En groupes, les habitants, manifestants ou non, échangeaient sur la situation. A l’origine de ces échauffourées : une histoire de parcelles. Selon les habitants, ils ont organisé la manifestation pour exiger de la Société de construction et de gestion immobilière du Burkina (SOCOGIB) chargée de la construction de la cité de Yagma, l’attribution de leurs parcelles. La condition des habitants était que la SOCOGIB dégage la moitié des parcelles pour ceux qui y résidaient. C’est en cherchant à savoir ce que sont devenues leurs revendications qu’ils apprendront que des numéros de parcelles (100) avaient été remis au chef de Yagma. Qu’a-t-il fait de ces numéros de parcelles ? « Personne ne sait », nous rétorque un manifestant.
Selon le maire, Pascal Ouédraogo, les manifestants cherchaient à rencontrer les responsables de la SOCOGIB. « J’ai été informé ce matin que des habitants de Yagma avaient érigé des barrages sur la route de Ouahigouya. Je suis donc allé sur les lieux afin de comprendre ce qui se passait. Les manifestants m’ont fait savoir que ce n’était pas moi qu’ils voulaient rencontrer mais les dirigeants de la SOCOGIB. Vu leur nombre et les mouvements de protestation qui avaient été enclenchés, je leur ai proposé de constituer un noyau et de venir à la mairie où j’allais organiser une rencontre avec le Directeur général de la SOCOGIB. Ils ont été d’accord au départ mais jusqu’à une certaine heure je ne les voyais pas. Et comme ils barraient la voie, les éléments de la CRS ont tenté de les disperser c’est là que la situation a dégénéré », a expliqué le maire.
Il s’est ainsi installé une course-poursuite entre la population et les éléments de la CRS. Au moment de notre passage, le chef de Yagma, ainsi que sa famille, étaient absents du domicile. « Le chef et sa famille ont évacué leur maison depuis hier nuit », a confirmé le maire. Seuls, quelques jeunes échangeaient devant le palais royal. « Ils (NDLR, les manifestants) voulaient incendier la cour du chef.

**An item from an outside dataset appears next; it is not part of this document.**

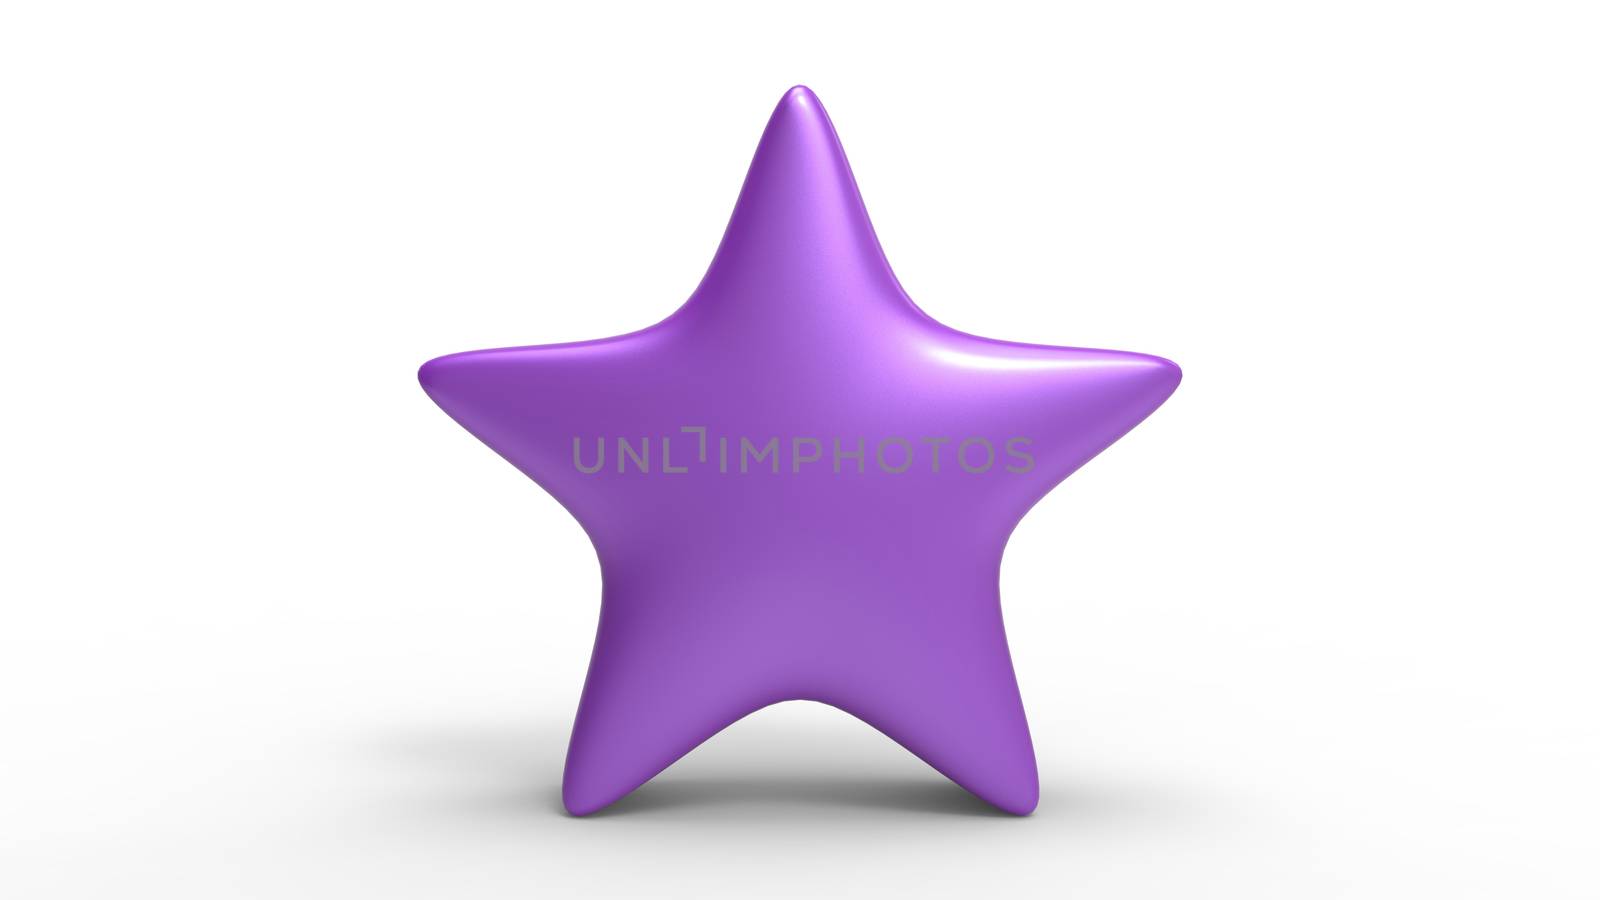 3d violet star on color background. Render and illustration of golden star for premium

C’est pour cela que nous sommes ici pour les en empêcher », nous a lancé un des jeunes avant d’ajouter que « si la situation se calme, nous voulons que justice soit faite et que les responsables des troubles de ce matin soient sanctionnés ».
Encore une histoire de parcelles qui fera certainement des malheureux. A écouter les uns et les autres, il est évident que des gens profitent de cette situation, mais il y a encore eu un déficit de communication entre la population et ceux qui sont chargés de la gestion du dossier « Cité de Yagma ». On ne cessera jamais de le répéter : « expliquer à la population ce que vous voulez faire et comment vous comptez le faire ». Cette démarche aura au moins le mérite d’éviter des affrontements inutiles.